▶ [HOW TO COMPLETE THIS TASK]
Please return only the lines from the one with "Postkart Stuttgart 1940" through the final line of the data, unchanged, with pictures omitted.

▶ [EXERCISE DATA]
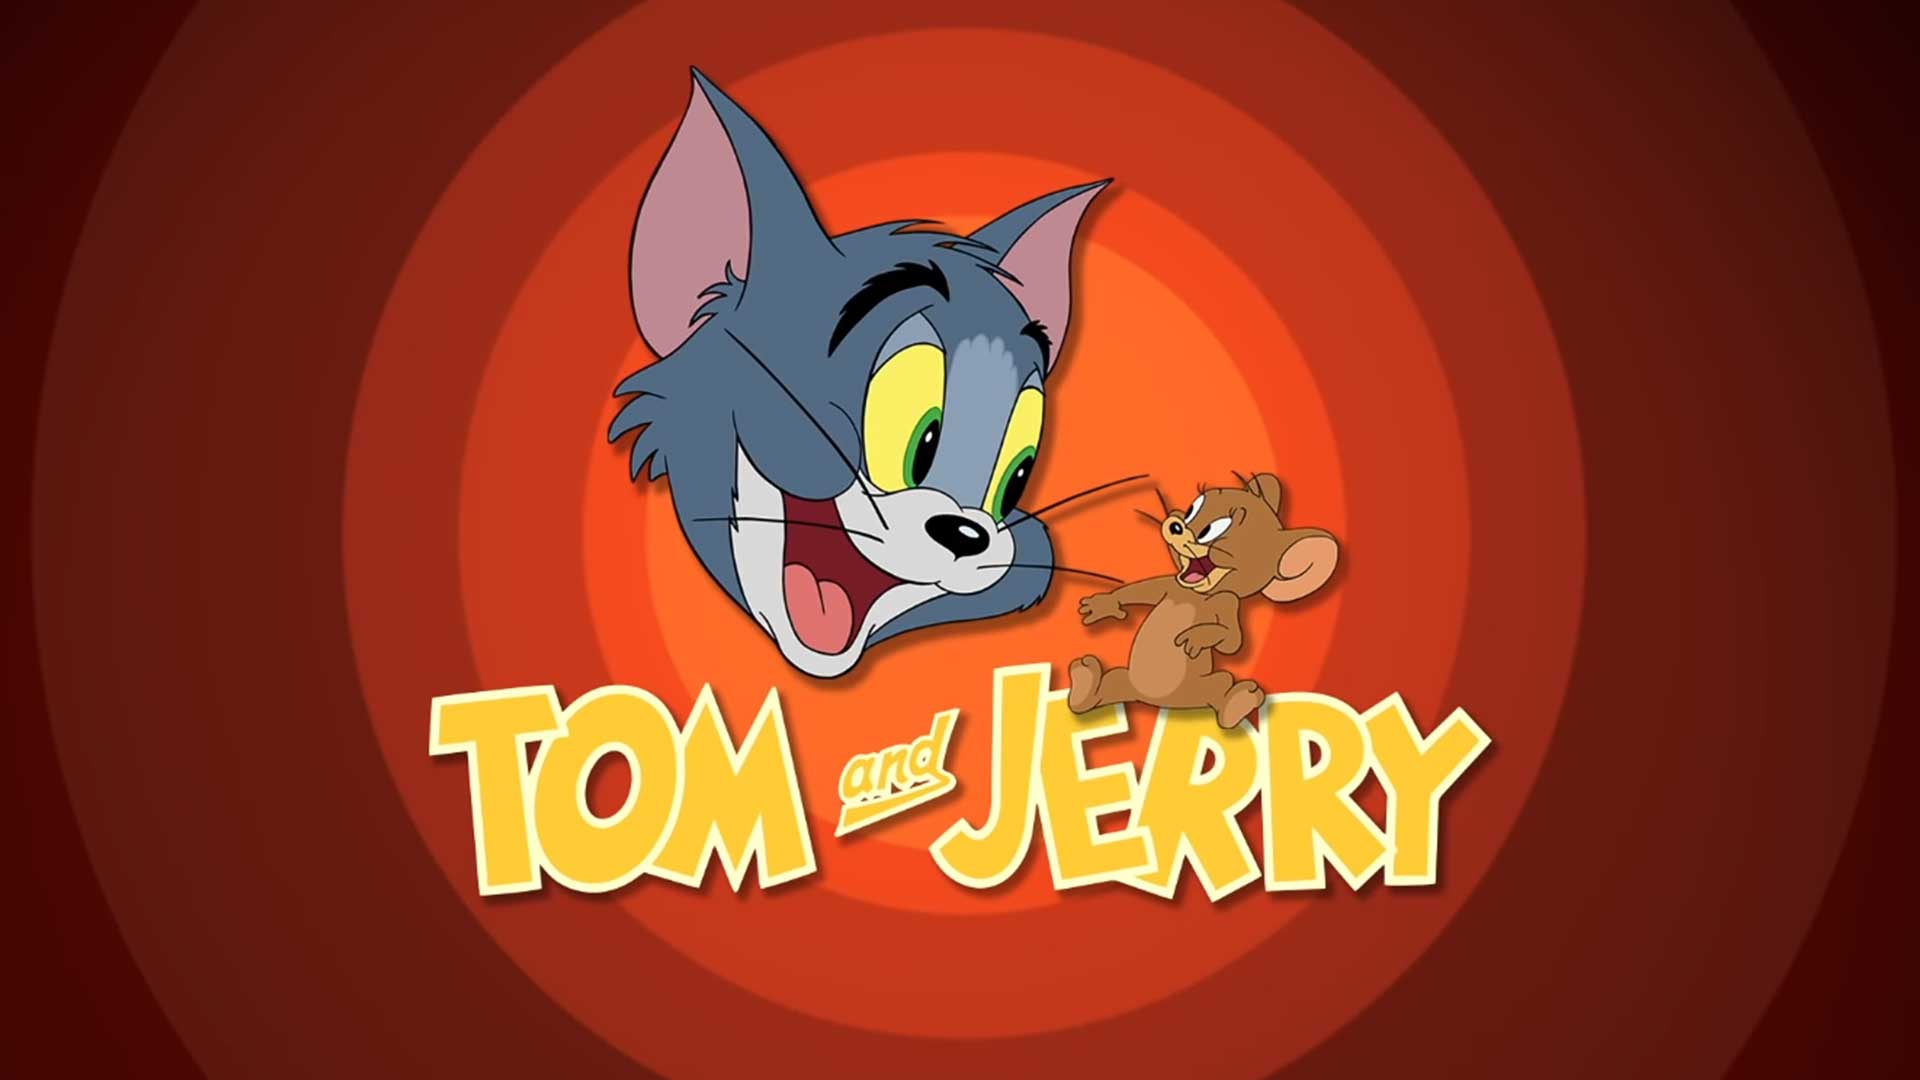 Том и Джерри – 2 серия «Полуночная трапеза» / Tom and Jerry
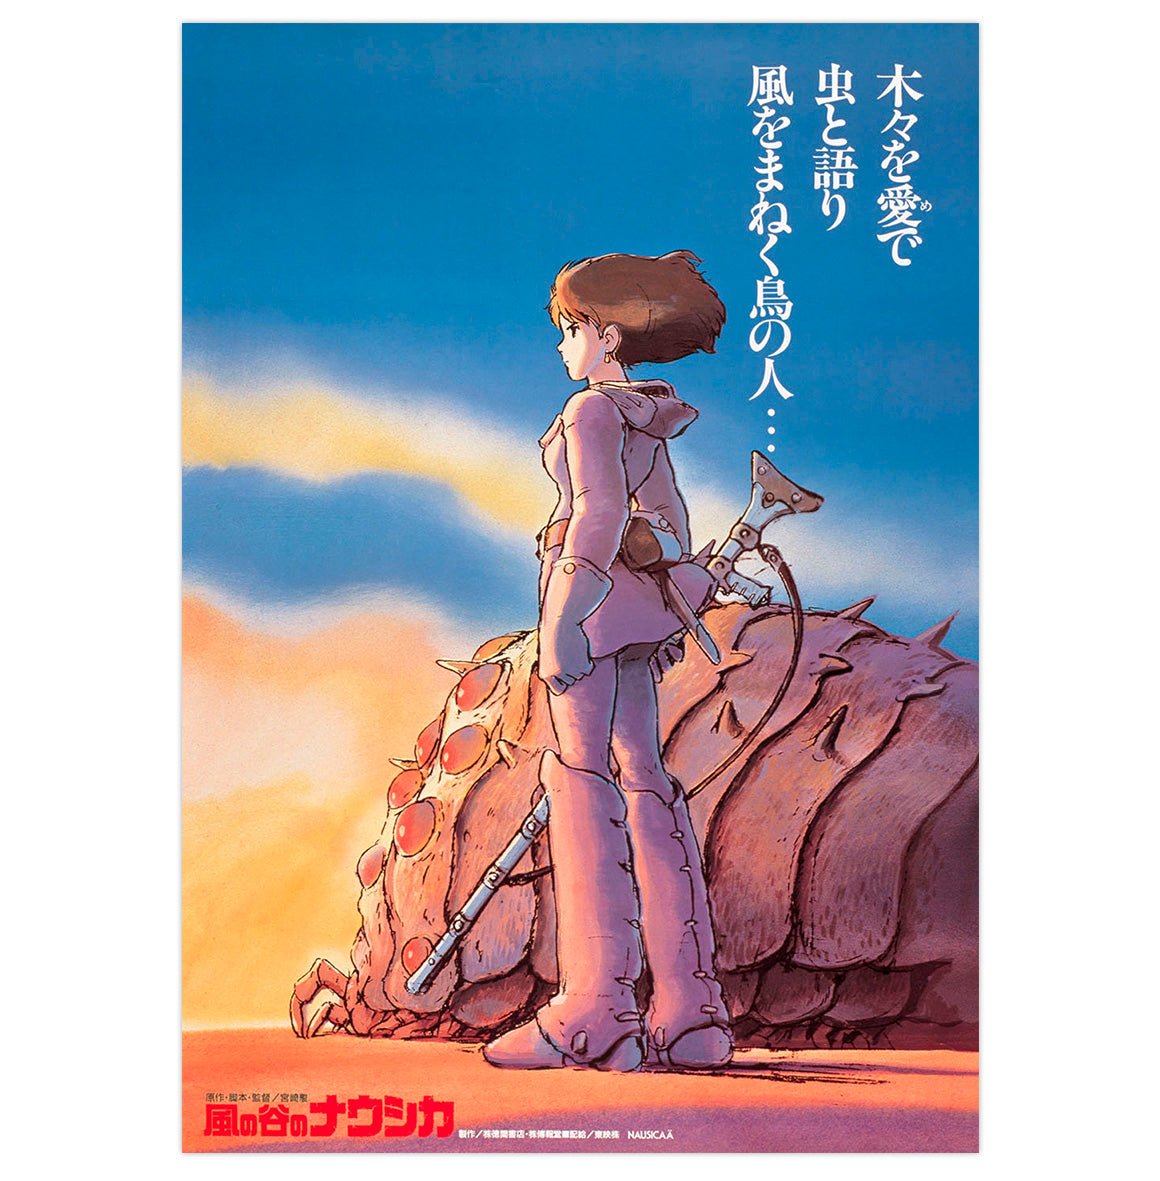 Mini poster adhesivo y reposicionable: Cartel El viaje de Chihiro
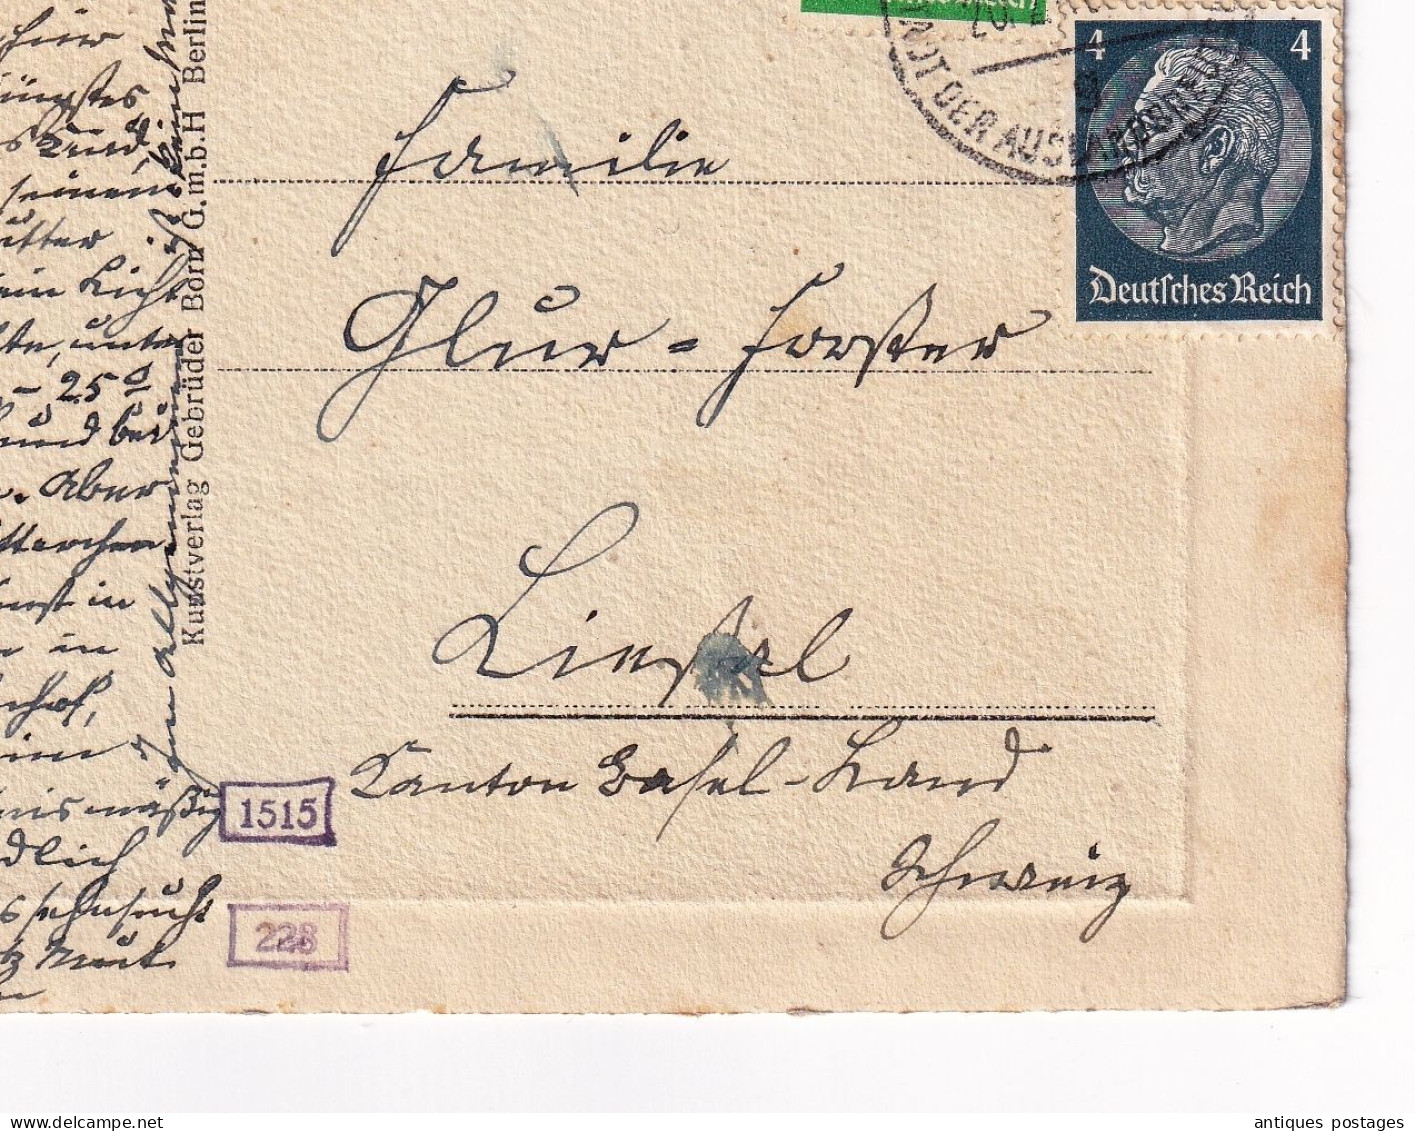 Postkart Stuttgart 1940 Deutschland Original Radierung Handabzug Allemagne Stamp Paul Von Hindenburg - Briefe U. Dokumente
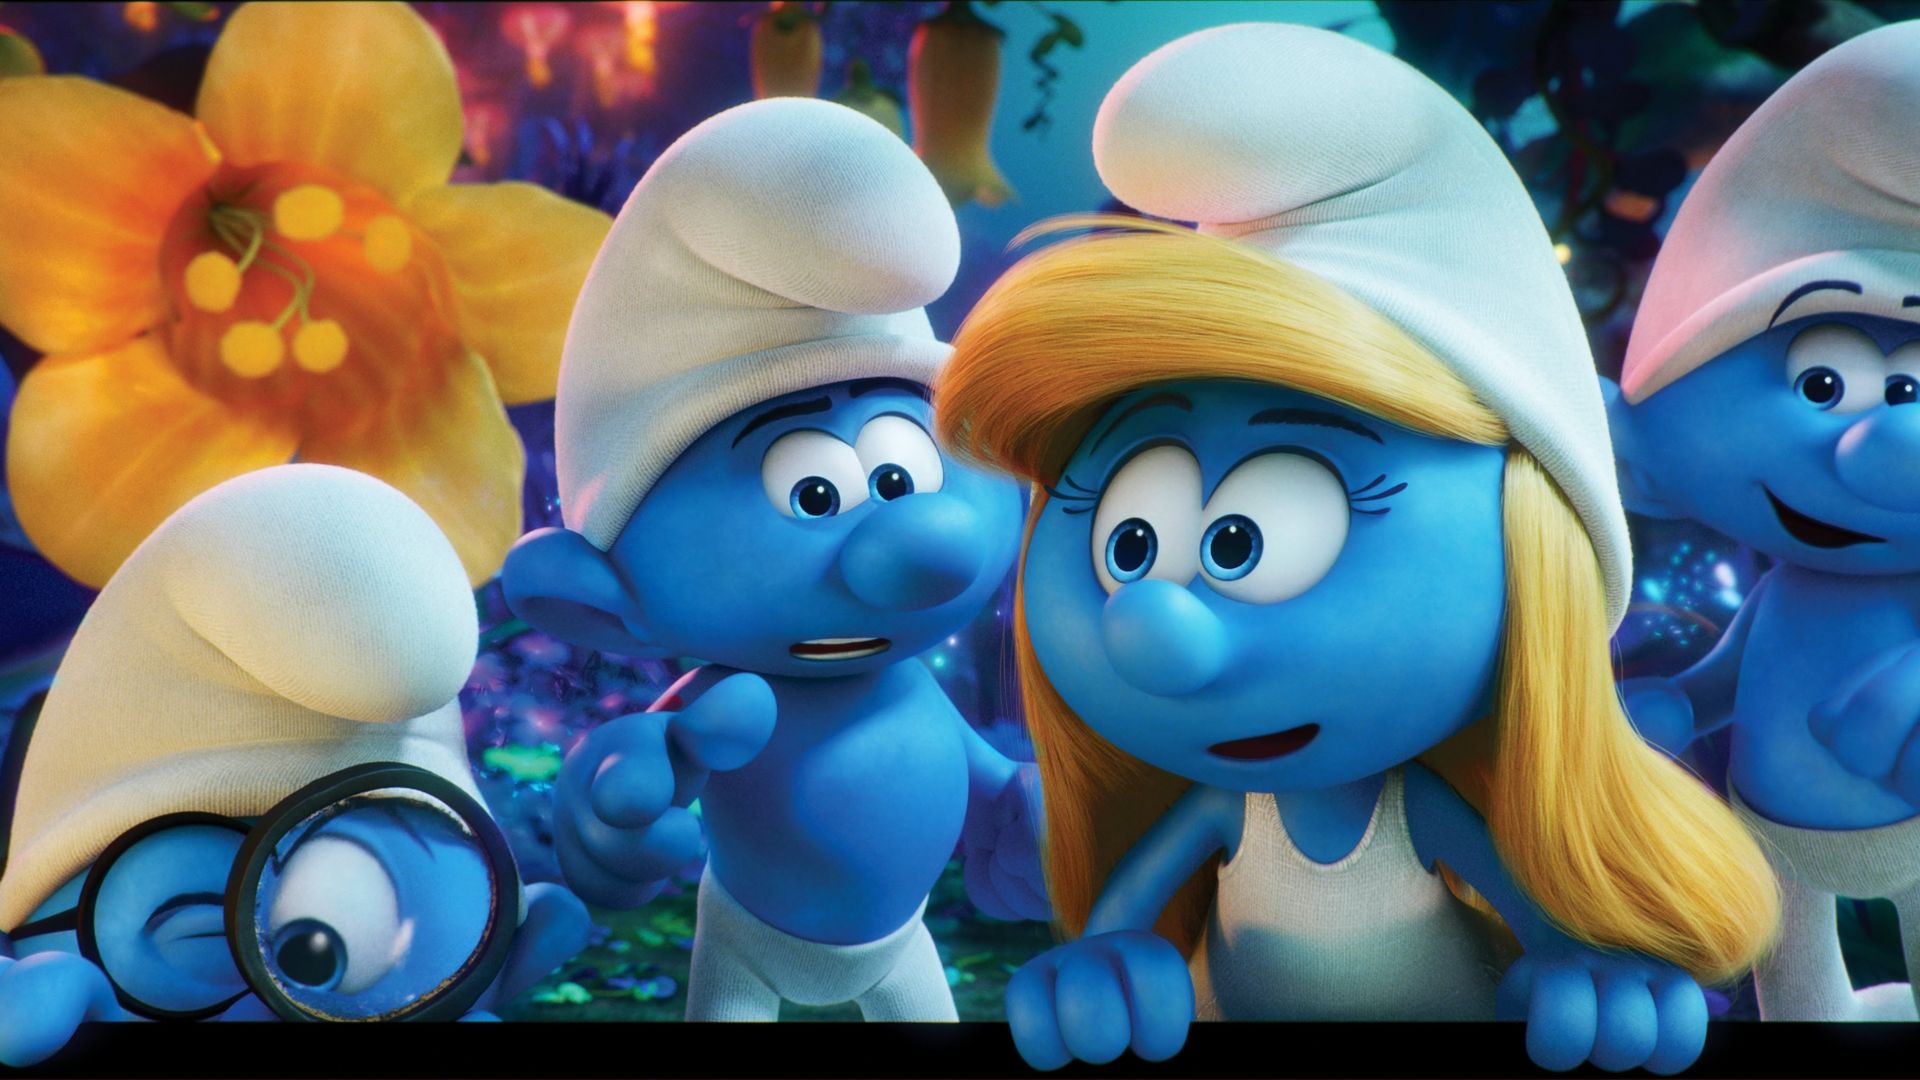 Смурфы 3, смурфики, Лучшие мультфильмы 2017, Get Smurfy, Best Animation Movies of 2017, blue (horizontal)

▶ [THE COMPLETED TASK]
 Postkart Stuttgart 1940 Deutschland Original Radierung Handabzug Allemagne Stamp Paul Von Hindenburg - Briefe U. Dokumente
 Смурфы 3, смурфики, Лучшие мультфильмы 2017, Get Smurfy, Best Animation Movies of 2017, blue (horizontal)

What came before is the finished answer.